The main focus of this study is on density-based clustering algorithms, in which judgments are made based on the extent of a node. It refers to the number of nodes that surround a certain node. The proposed technique is not only dependent on the degree of the node, but also on how widely distributed the neighbours are. Dense areas have a high presence of sensing nodes in a smaller space, i.e., neighbours are in close proximity to one another. As a result, nodes positioned in the heart of a heavily populated regions are capable of achieving higher connectivity while using less power since they can identify more nearby neighbours. As a result, becoming a cluster leader is highly recommended (CH). A low density, from the other hand, indicates that a small number of nodes have been scattered over a big region of land. As a result, nodes in these places have minimal neighbours and require more potential to transmit with each other since they are located further out from the core.
In the Internet of Things, one of the most significant issues is the high cost of maintaining and maintaining the vast number of sensor nodes that will be deployed [9]. A time-consuming process [10] can be involved in changing sensor batteries that have already been installed in the network region. It is essential that the batteries of a sensing element designed for use on a certain organism or breed be able to last significantly longer than that of the organisms in order for the sensor to be feasible. This leads to another significant issue: power management. Other major issues in WSN [11] include efficient end-to-end data transmission, adequate congestion management, and a low packet loss ratio.

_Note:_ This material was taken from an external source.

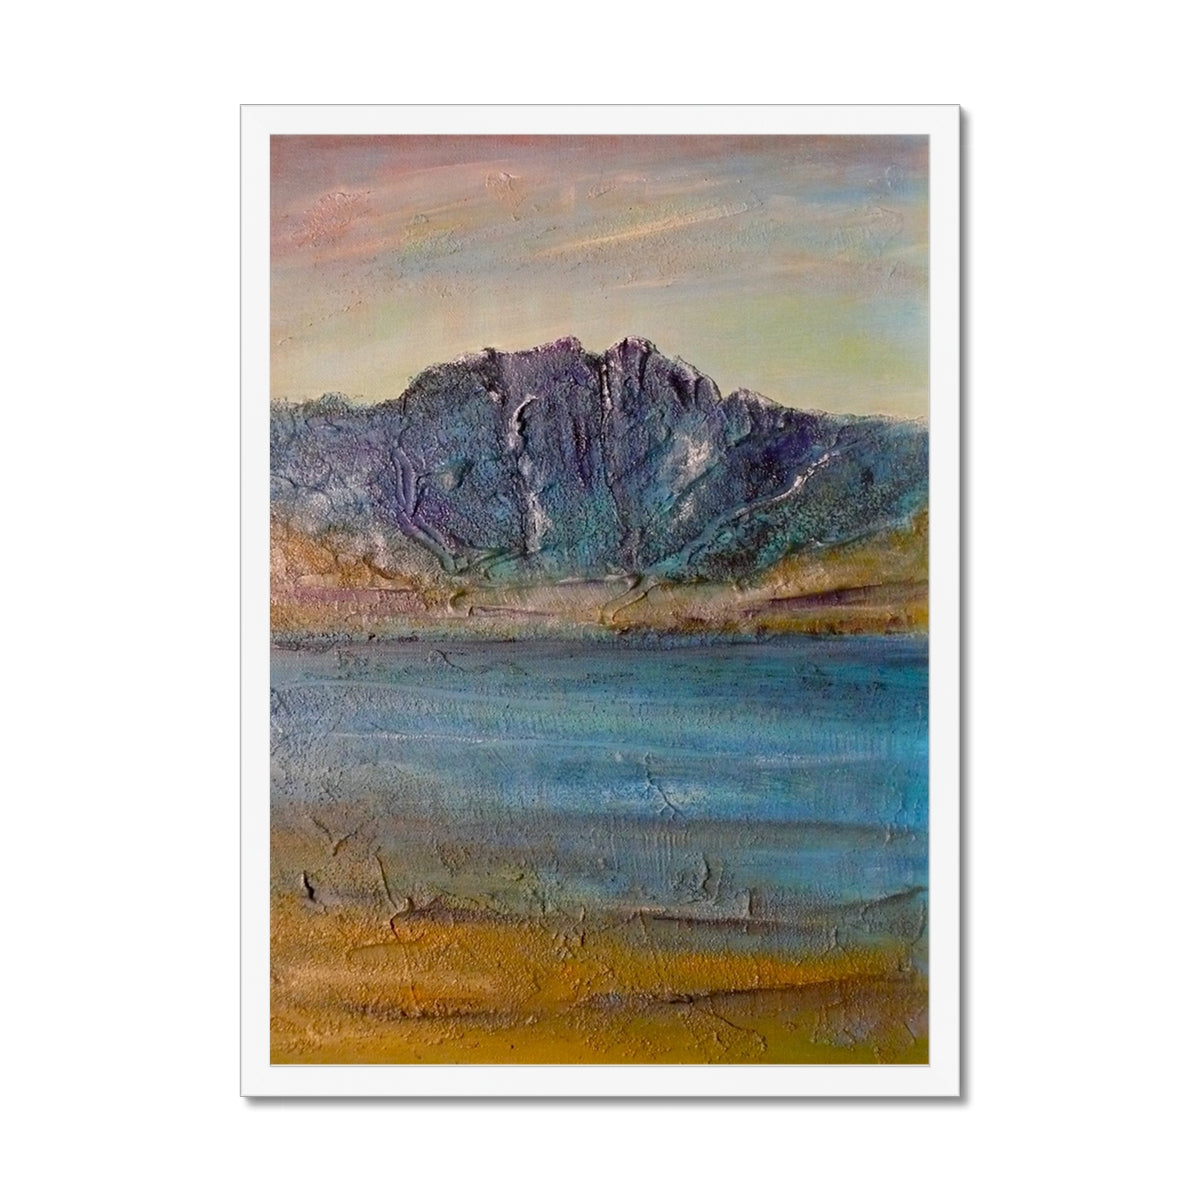 Torridon Painting | Framed Prints From Scotland-Framed Prints-Scottish Lochs & Mountains Art Gallery-A2 Portrait-White Frame-Paintings, Prints, Homeware, Art Gifts From Scotland By Scottish Artist Kevin Hunter

The authors [12] of the LEACH clustering algorithm suggest a distance-energy cluster composed of various nodes. It takes into account the different factors that affect the network's location and distance. The three authority layers of the cluster are then divided into three. These layers are designed to reduce the cluster's power consumption. In addition, they eliminate the key linkages between the nodes.
The researchers [13] provides the detailed structure of the energy-efficient cluster model called EECS. This model works for data collection in periodical manner, and works in large scale sensor network. The model designed by the researchers [13] consist of the cluster-head selection process. In this phase a cluster head is selected from the number of cluster nodes. Here, CHs are chosen via a localized competition that takes account both means of supplying and transmission radius of clustering algorithms. Once this is done, a weighted function for the plain component is introduced during the cluster creation step, which is used to determine whether proper cluster should be joined and which should not. The cost of correlation communication, as well as the value of information exchange between both the CHs and the BS, are used to calculate the value of the function.
Furthermore, the authors [14] suggest a WSN partitioning algorithm based on the k-nearest neighbour algorithm (KNN). A clustering algorithm are proposed, each of which has a BS as well as all sensor nodes directly interact with the BS included inside the cluster in which they are situated. The authors [15] present a trustworthiness derivation process for WSN-based Internet of Things connections that is both energy-efficient and reliable. Using risk strategy analysis to determine the ideal amount of recommendations, the system is able to reduce communication load while simultaneously increasing efficiency. The energy-aware method provides enough security while also reducing network latency. It is proposed by Junping et al. [16] to use a time-based CH selection method known as TB-LEACH to set well-distributed clusters and increase longevity by 20 to 30%. The spacing among nodes and the BS is taken into consideration for minimum level CH selection [13], which enhances longevity by 10% compared to the previous method.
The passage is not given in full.